3. Enhancement of the compatibility between heterogeneous compound eyes and the optical relay system

Pupil aberration is an unavoidable defect for the optical relay system with a large FOV. Figure 2(a) illustrates the concept of the pupil aberration. The incident rays from different FOVs intersect at different positions on the system’s optical axis, indicating that the entrance pupil position gradually changes with the expansion of the FOV. The pupil aberration has a large impact on the match of the heterogeneous compound eye array and the optical relay system. Figure 2(b) shows the relationship of them. All sub-eyes’ optical axes intersect at the center of the heterogeneous compound eye array (Fig. 2(b), black pentagram), and there is a varying degree of deviation between this center and the entrance pupil of the optical relay system at each FOV (Fig. 2(b), the enlarged green box). This results in the central ray of each sub-eye channel being tilted towards the sub-eye’s optical axis (Fig. 2(b), the different colored optical paths represent the central ray for each sub-eye channel).
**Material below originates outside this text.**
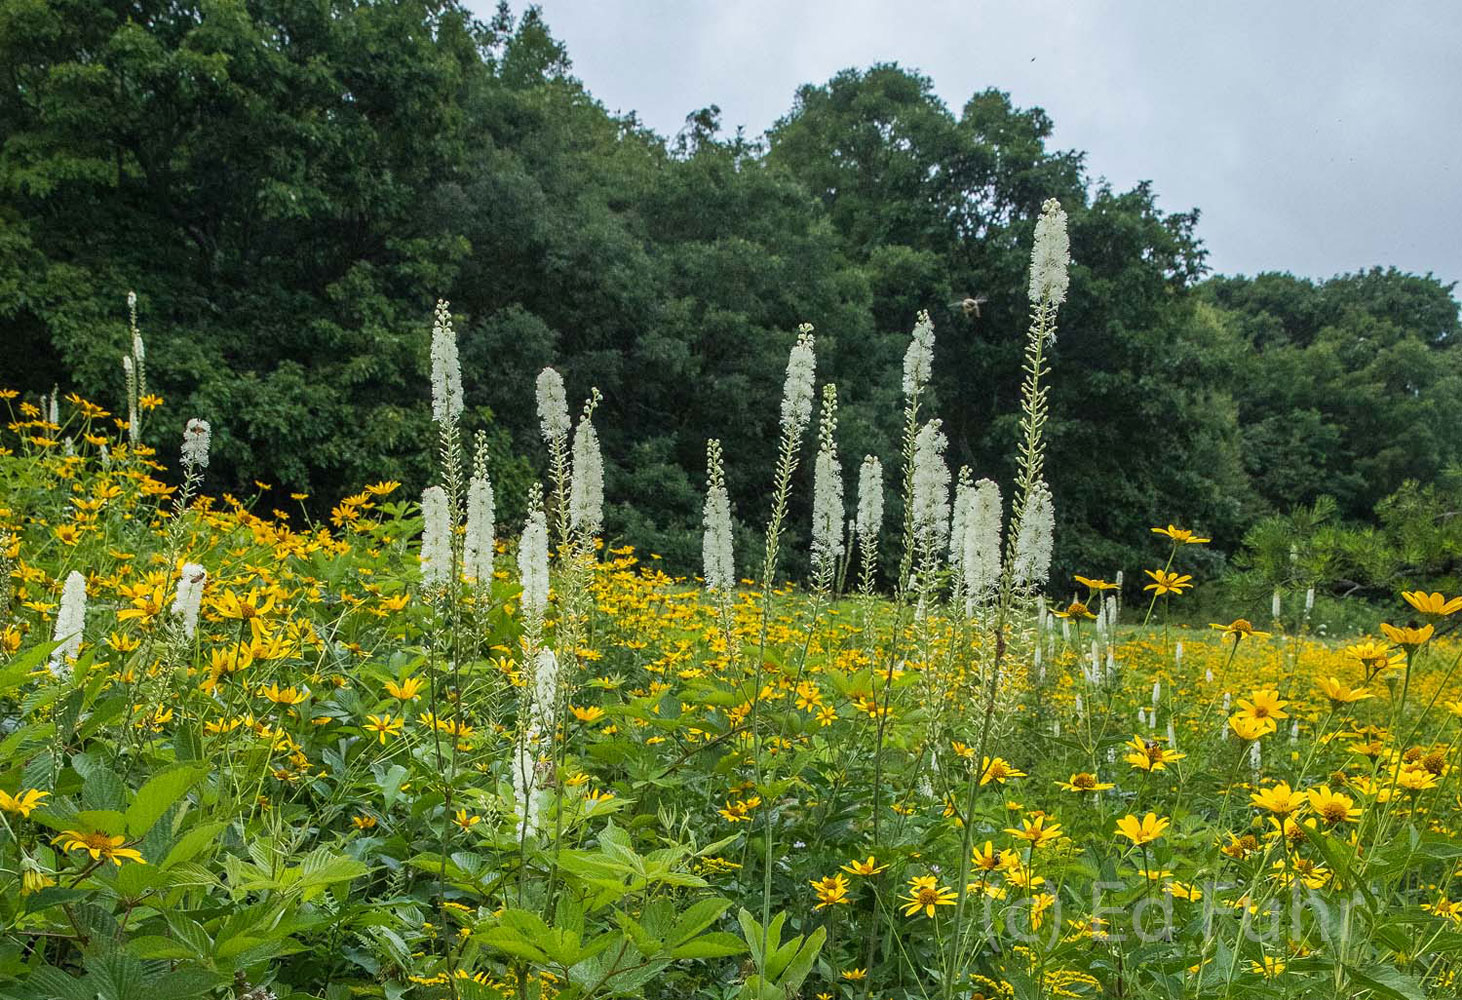 The slender flowering spikes of black cohosh invite us into Big Meadows and the forest's edge.
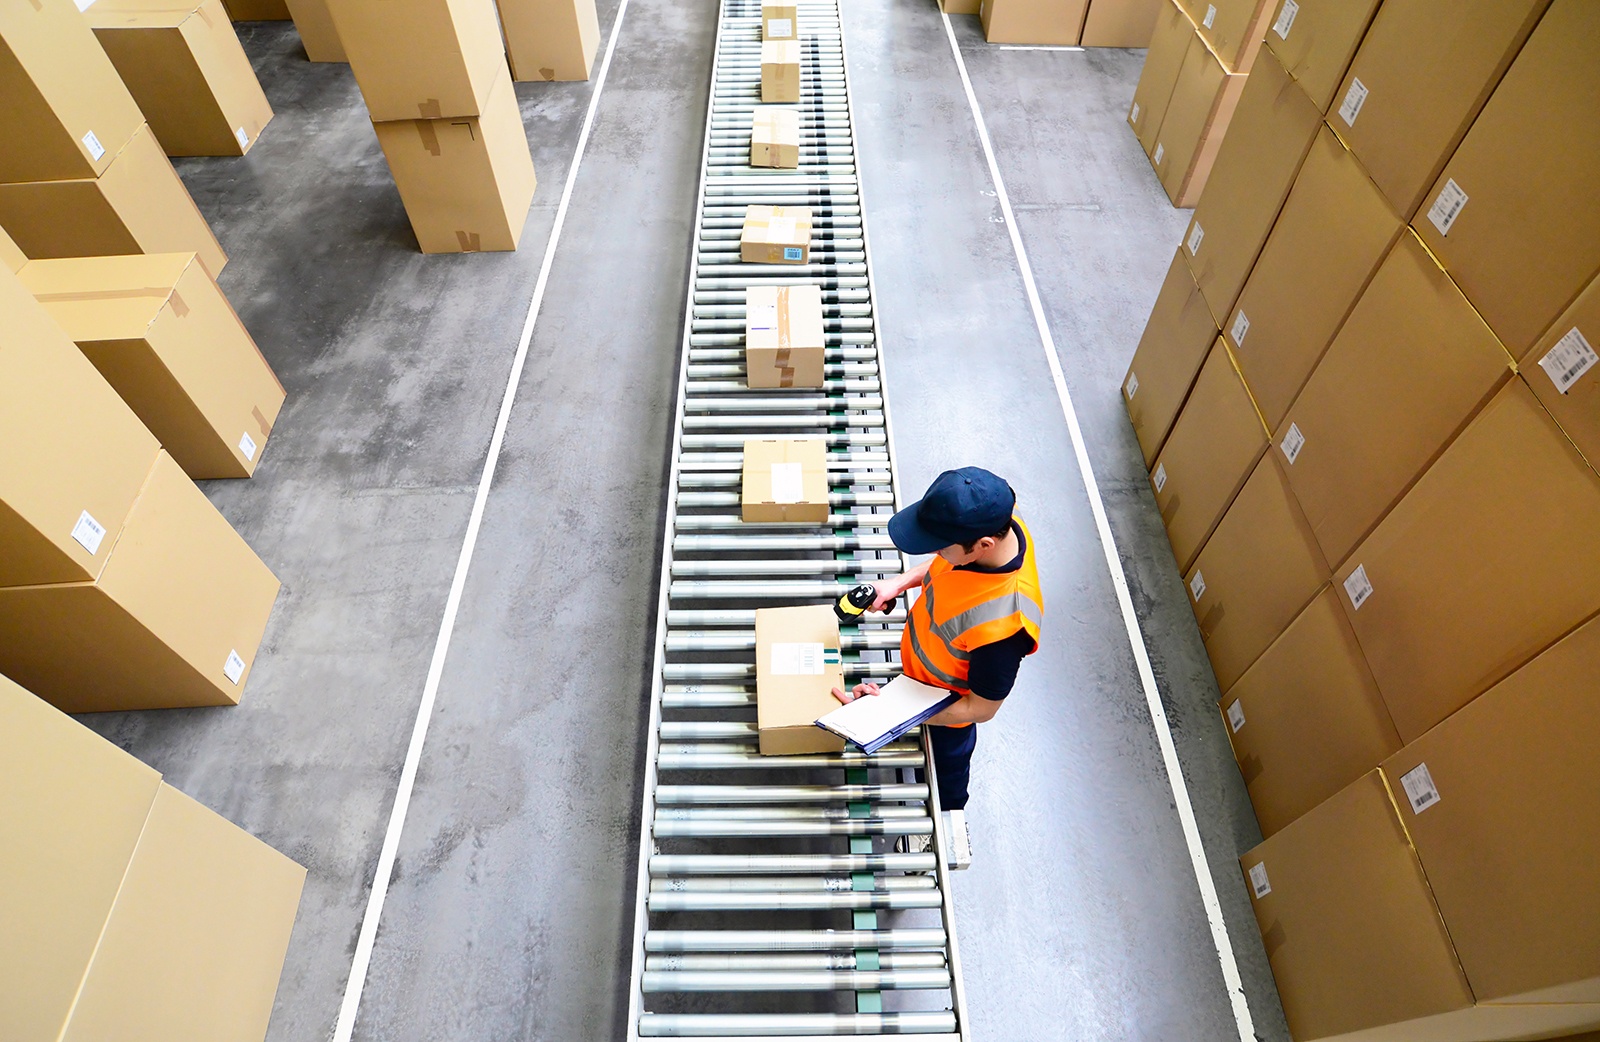 Measuring warehouse performance: What does good look like?

Fig. 2. Tilt compensation between sub-eyes and the optical relay system. (a) Pupil aberration of the optical relay system. (b) Illustration of the tilt. (c) Asymmetry of the sub-eye’s FOV due to the tilt. (d) The structure of heterogeneous compound eye array. (e) A raw compound eye image taken by the HeCECam in a lab. (f) Enlarged view of the area marked by the red circle in (e). (g) Enlarged view of the WA sub-image marked by the blue circle in (f). (h) Illustration of compensation calculation for tilt. (i) Relationship between pitch angle $\varphi$ and tilt angle t.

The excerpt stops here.